▶ [Exercise prompt] Skip any image you find and restate the rest of the data word for word.

▶ [Recorded information]
════
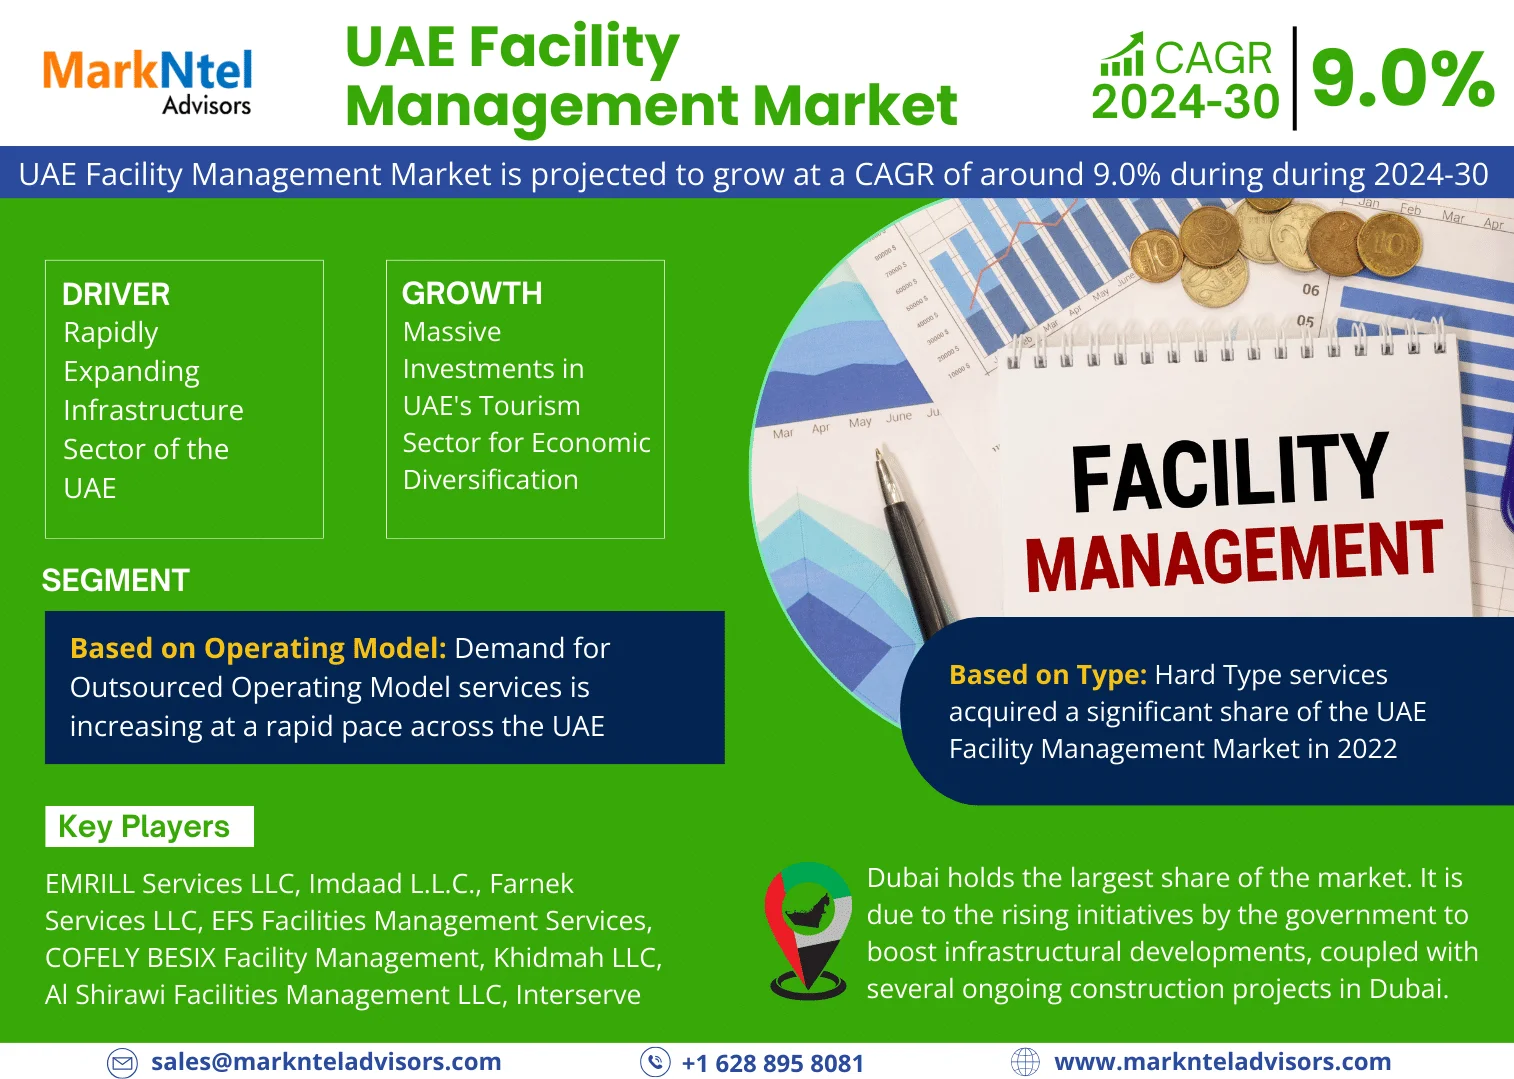 UAE Facility Management Market Gears Up for Impressive 9.0% CAGR Surge in 2024-2030.
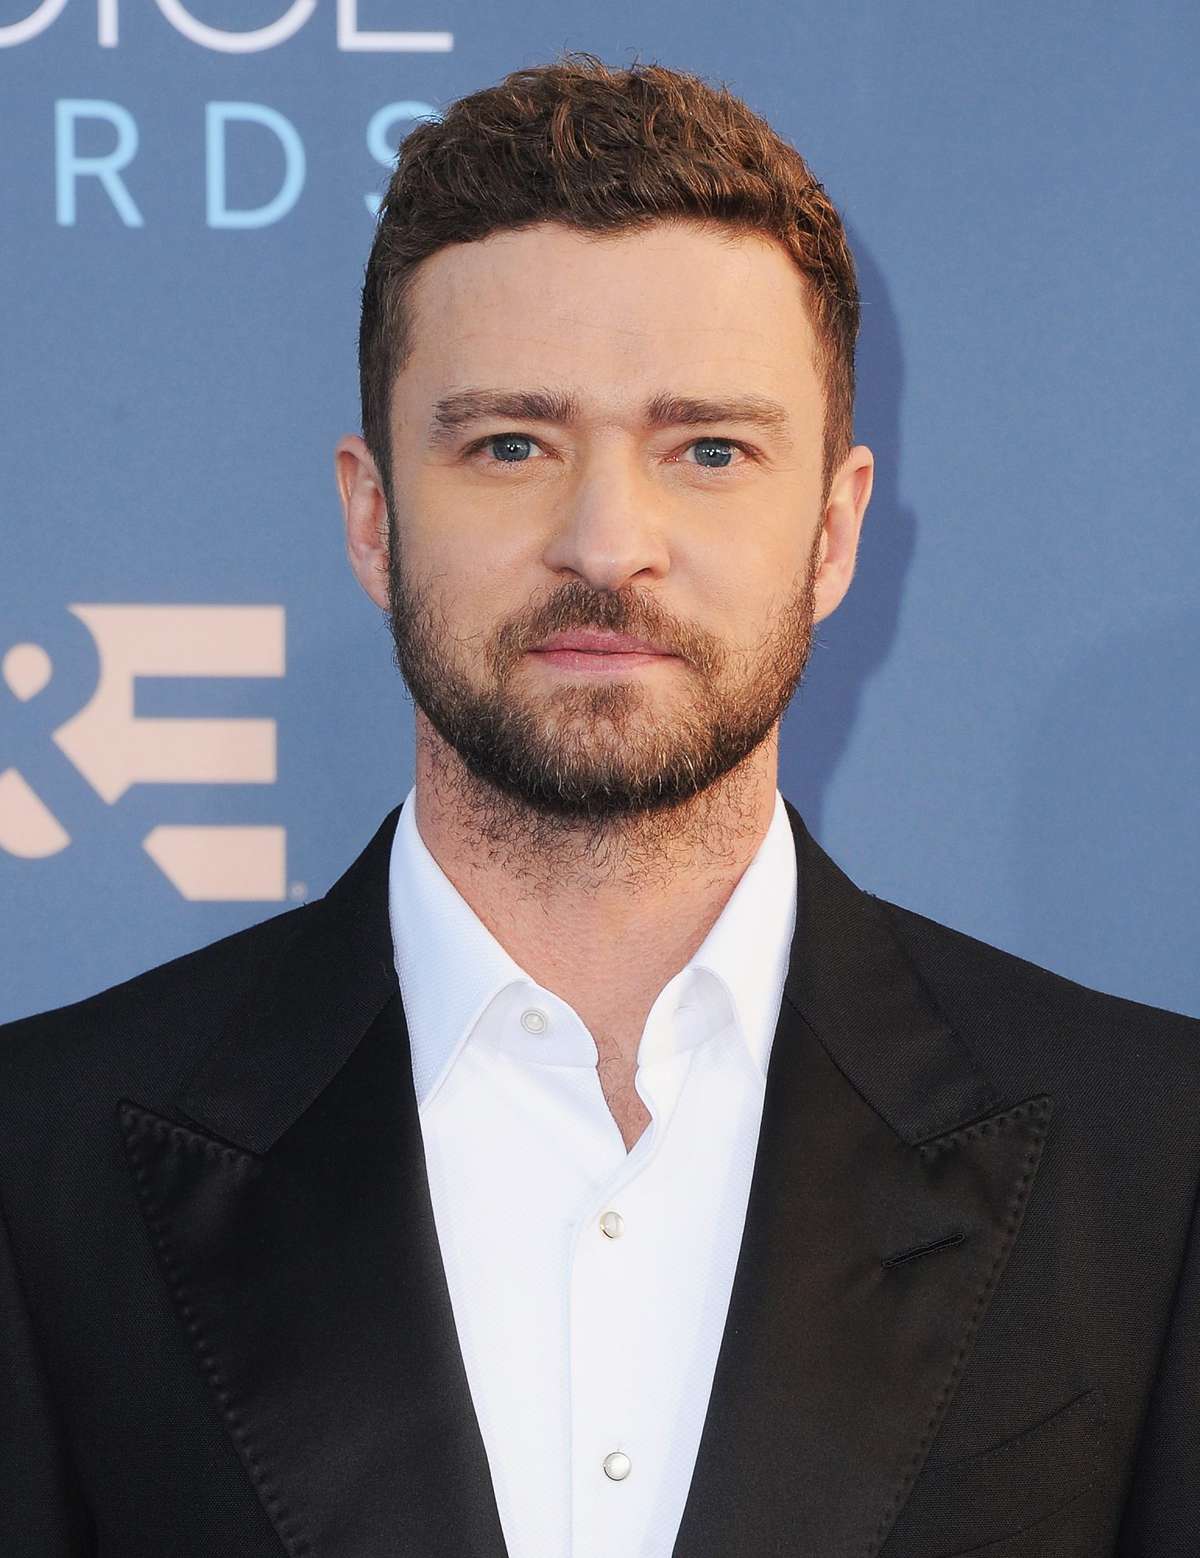 Justin Timberlake - December 11, 2016 - LEAD
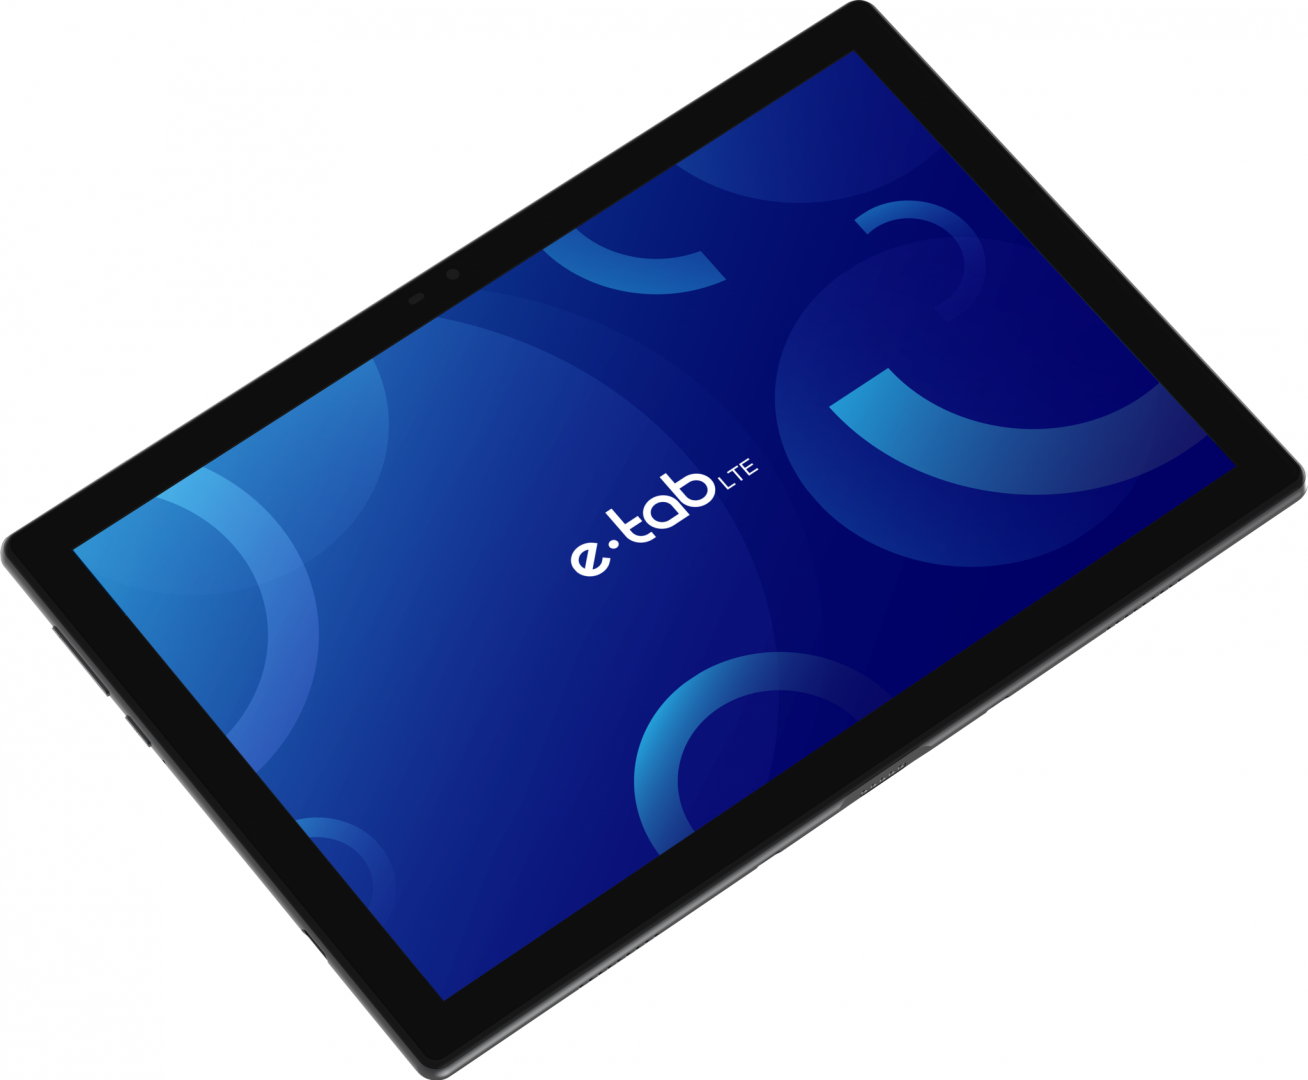 Microtech Tableta e-tab LTE 3, Display: 10.1
════
▶ [Written answer]
 UAE Facility Management Market Gears Up for Impressive 9.0% CAGR Surge in 2024-2030.
 Justin Timberlake - December 11, 2016 - LEAD
 Microtech Tableta e-tab LTE 3, Display: 10.1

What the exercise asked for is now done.